Scotiabank is expanding its
operations in Guatemala and the Dominican Republic through a deal
with Chile’s Grupo Altas Cumbres (GAC). Financial
terms were not disclosed. Scotiabank says all regulatory approvals
have been received. The Canadian bank will buy GAC’s Banco de
Antigua in Guatemala and select assets of Banco de Ahorro y Crédito
Altas Cumbres in the Dominican Republic. The agreement also
includes an option to buy GAC’s bank in Peru, Banco del Trabajo.
Banco de Antigua has 47 branches and 98 special service Rapidito
kiosks. Banco de Ahorro y Credito Altas Cumbres has 6 branches and
35 additional points of sale. Scotiabank currently has 380 branches
and 860 ATMs across the Caribbean and Central America.
• Credit information firm
Equifax’s Latin American revenues rose by 19
percent in US dollars to $182.5 million in 2007 compared to 2006.
In the fourth quarter of 2007, Latin American revenues rose 30
percent in US dollar terms to $51.6 million year-on-year.
Scotiabank Peru has teamed
up with prepaid card issuer and money transfer firm N-Via
USA
to launch a mobile payment service. Senders can use
their mobile phones to remit funds via SMS text messaging, and
recipients can pick up cash transmitted via mobile phone at
Scotiabank Peru’s 400 branches as well as its ATMs. Recipients can
also transfer funds remitted from a sender to a prepaid debit
card.
• The September 2007 New York trial of a gang
of alleged money-launderers who were accused of using ATMs to move
funds to Colombia signals an alarming new trend, warns
Actimize.
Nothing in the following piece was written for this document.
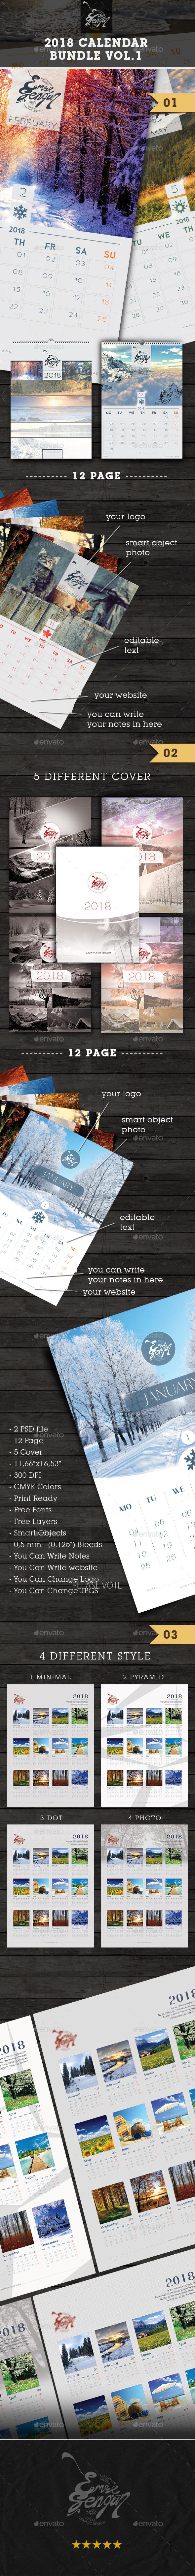 2018 Calendar Box Bundle Vol.1 - Calendars Stationery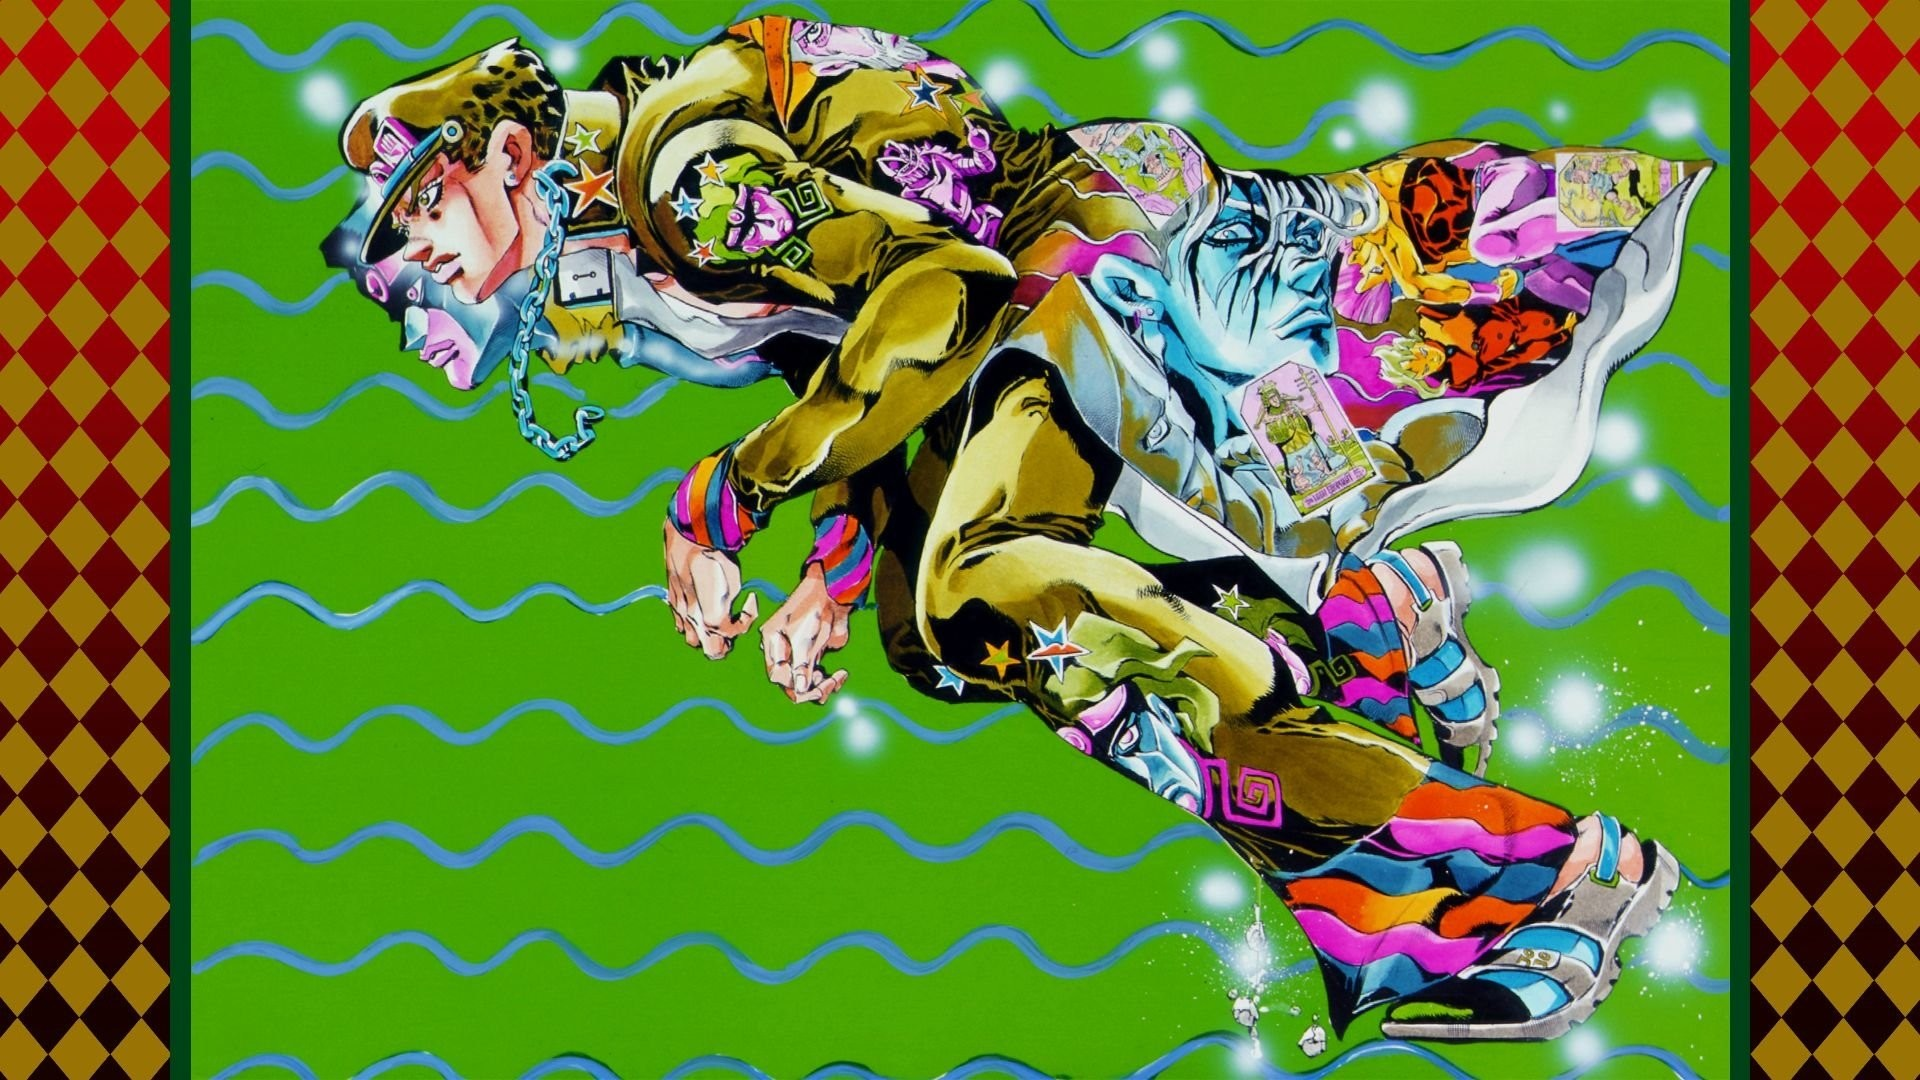 Jojo Bizarre Adventure Hd Wallpaper Wallpapertag

Eugene Yoo, director of anti-money
laundering (AML) at the US payments security software firm, says
criminals are exploiting loopholes in banks’ AML compliance
systems. “They realise transactions such as $500 ATM cash
withdrawals are well beneath the threshold for AML systems,” he
says. “Criminals break up the money, to be sent back to Colombia,
into $500 portions. They open fraudulent bank accounts in the US
and send the associated ATM cards to Colombia.” Couriers then
deposit amounts such as $500 at a US ATM, and an associate in
Colombia withdraws this amount at a local ATM. “It’s very hard for
banks to detect this type of money-laundering transaction,” Yoo
says. 


North America

CyberSource says Miami is the riskiest city for
e-commerce in the US. The internet payment processor surveyed North
American e-merchants in the autumn of 2007 to ask which major US or
Canadian city presented the highest risk of online fraud. Miami got
10 percent of the votes cast, up from 7 percent in the 2006 survey,
while New York City had 8 percent, down from 9 percent. Los Angeles
came third with 3 percent, down from 6 percent. In the “Riskiest
Country” category, Nigeria retained its position as number one,
with the UK in second place, and Ghana in third.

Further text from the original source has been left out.